I am not a professional photographer.
I am not a designer of any stripe.
I don’t know nothin’ ’bout magazine layouts or art direction or any of that fancy stuff. I just know what I like. And what I don’t like.
And I don’t like the new Conference Report issue of the Ensign.
It’s all in color. When I opened it the first page I saw was the centerfold–, I mean, the portrait page where all the General Authorities are. I showed it to my wife: “Lynne, check this out; the Brethren are in color now.” Then, as I started flipping through the other pages, I noticed that ALL the photos were in color. All of them. “No, no, no,” I said. “This isn’t right.”

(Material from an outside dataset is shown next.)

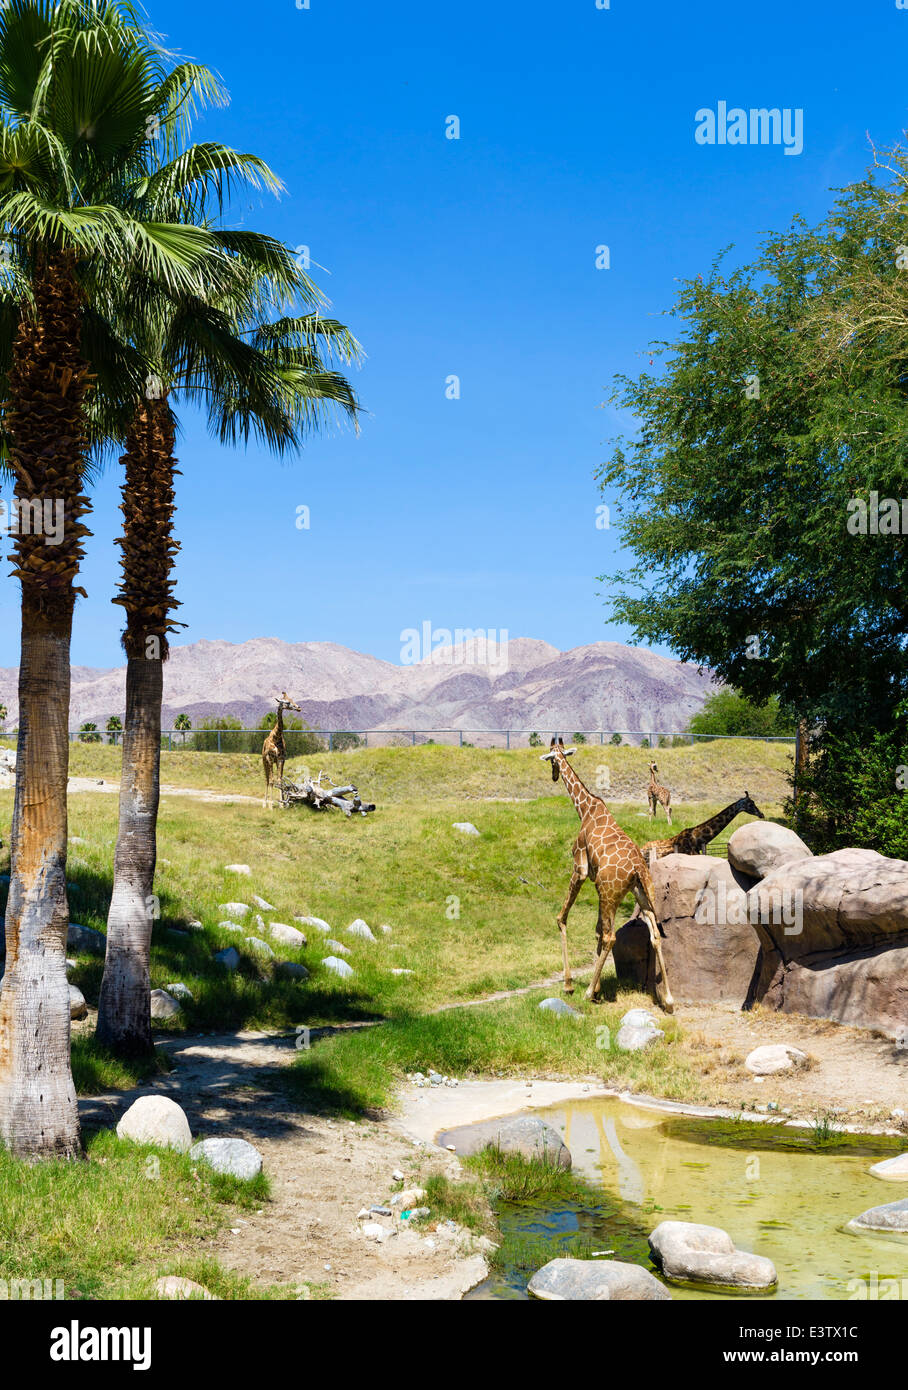 La Giraffa contenitore nel Living Desert Zoo e giardini, Palm Desert, Riverside County, California del Sud, STATI UNITI D'AMERICA Foto Stock

Something I’ve always looked forward to with the conference issues–besides the talks of course–are the photos inside. While I’m not a professional photographer, I do fancy myself something of a hobbiest. I think I know a good shot when I see one. I know a little something about framing. I know that black & white (or sepia) is about texture, tone and mood; color is about…well, color and light. (See? Not a professional.) And I am a big fan of all those sepia toned photos–most of which, admittedly, are more journalistic than they are artistic–that cast a somber spell over the proceedings within the magazine. Not melancholic at all, but stark sometimes and…solitary, without a sense of loneliness. There was art in some of those photos; some kind of meaning beyond the content. Sometimes it was more than just a person sitting in a contemplative attitude, it was a person in the lower left corner of the mise-en-scene with her chin in there hand and a wide expanse of light and shadow before her. These photos helped me connect to the talks–to the messages contained in them.

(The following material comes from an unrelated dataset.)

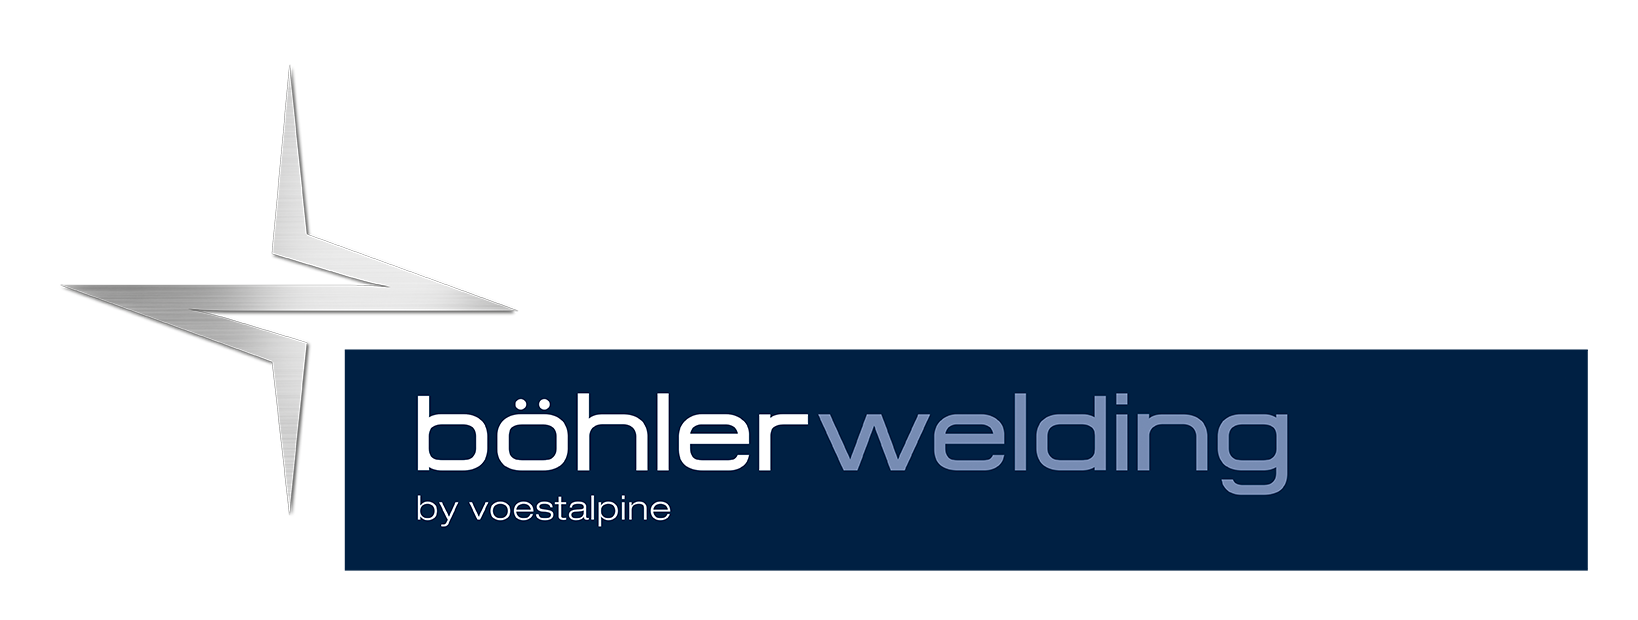 Voestalpine Böhler Welding

In this latest conference report all I could find were nice little color photos of the nice people who came to conference to enjoy the talks and the nice scenery. None of it required much consideration beyond acknowledgement of what was captured within the frame. Reportage.

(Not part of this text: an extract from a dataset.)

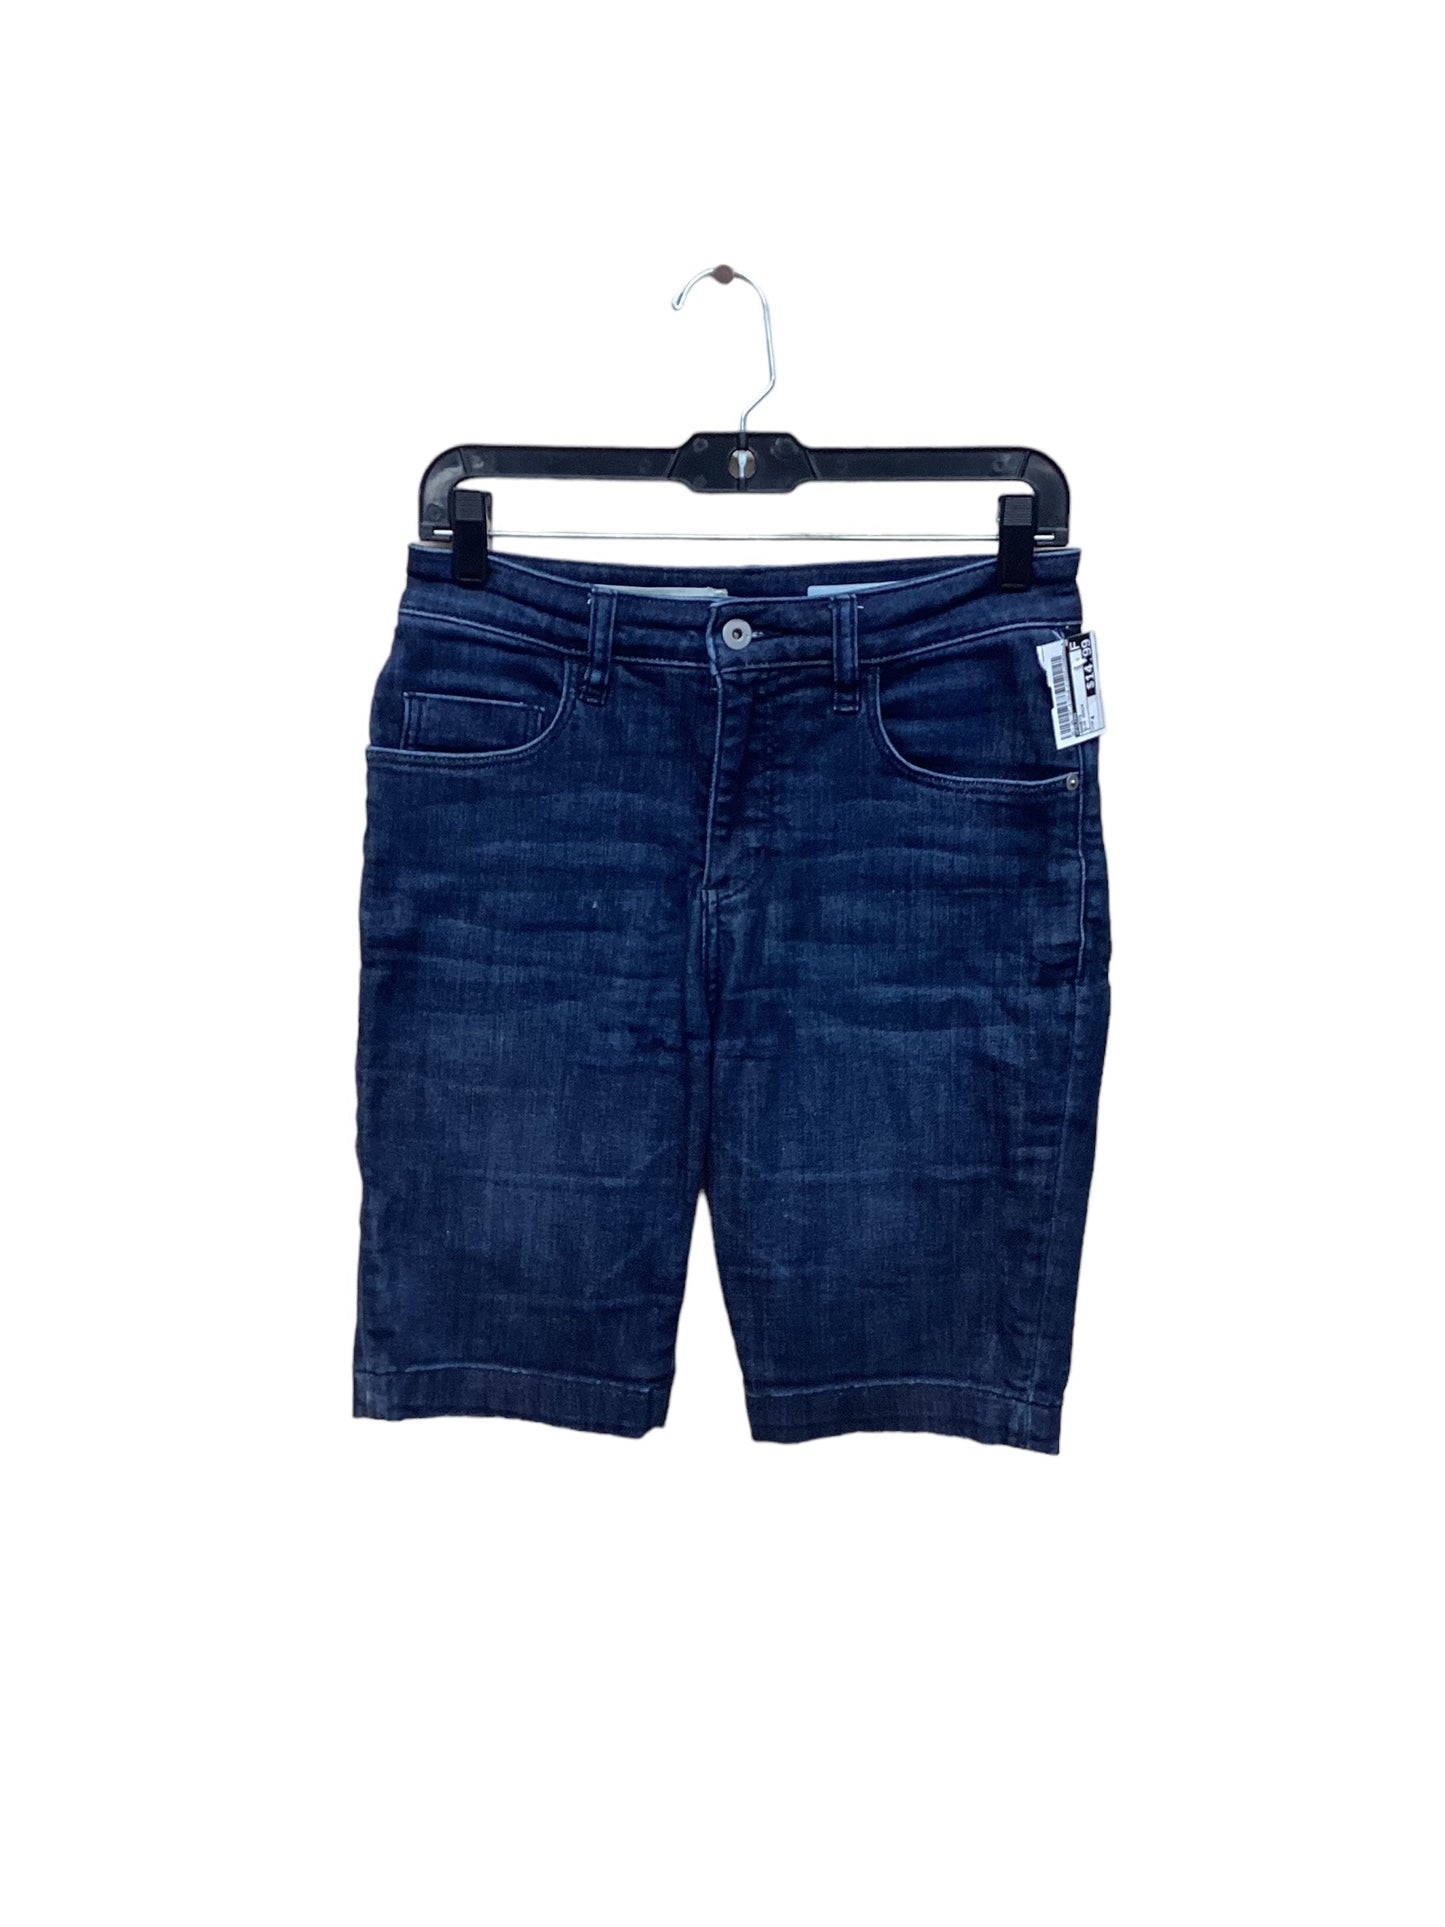 Blue Denim Shorts Pilcro, Size 4

Maybe I’m just being a snobbish amateur, but I liked the art.
Just sayin’.
I felt exactly the same way when I looked through the issue. The color, while nice, just felt wrong.
Where did all the comments go that used to be here? There were 5, now there’s only 1. Did we say something wrong?
We don’t know what happened to them–unless they were somehow hacked by spam commenters and removed when we removed the spam comments.
We’re really sorry for that, if that’s what happened.
We’re considering changing to moderated comments, so no spam comments get posted at all, but we’re not sure if that is a better idea or not.
Feedback?
More cause for concern: the spam comments that we’ve been deleting were comments on posts that are several days, if not weeks, old. Deleting spam comments made on archived posts should not cause comments on new posts to be deleted. So we appear to have two problems going on.
Just saying.
We’re not deleting your comments, and we don’t know yet why they are disappearing.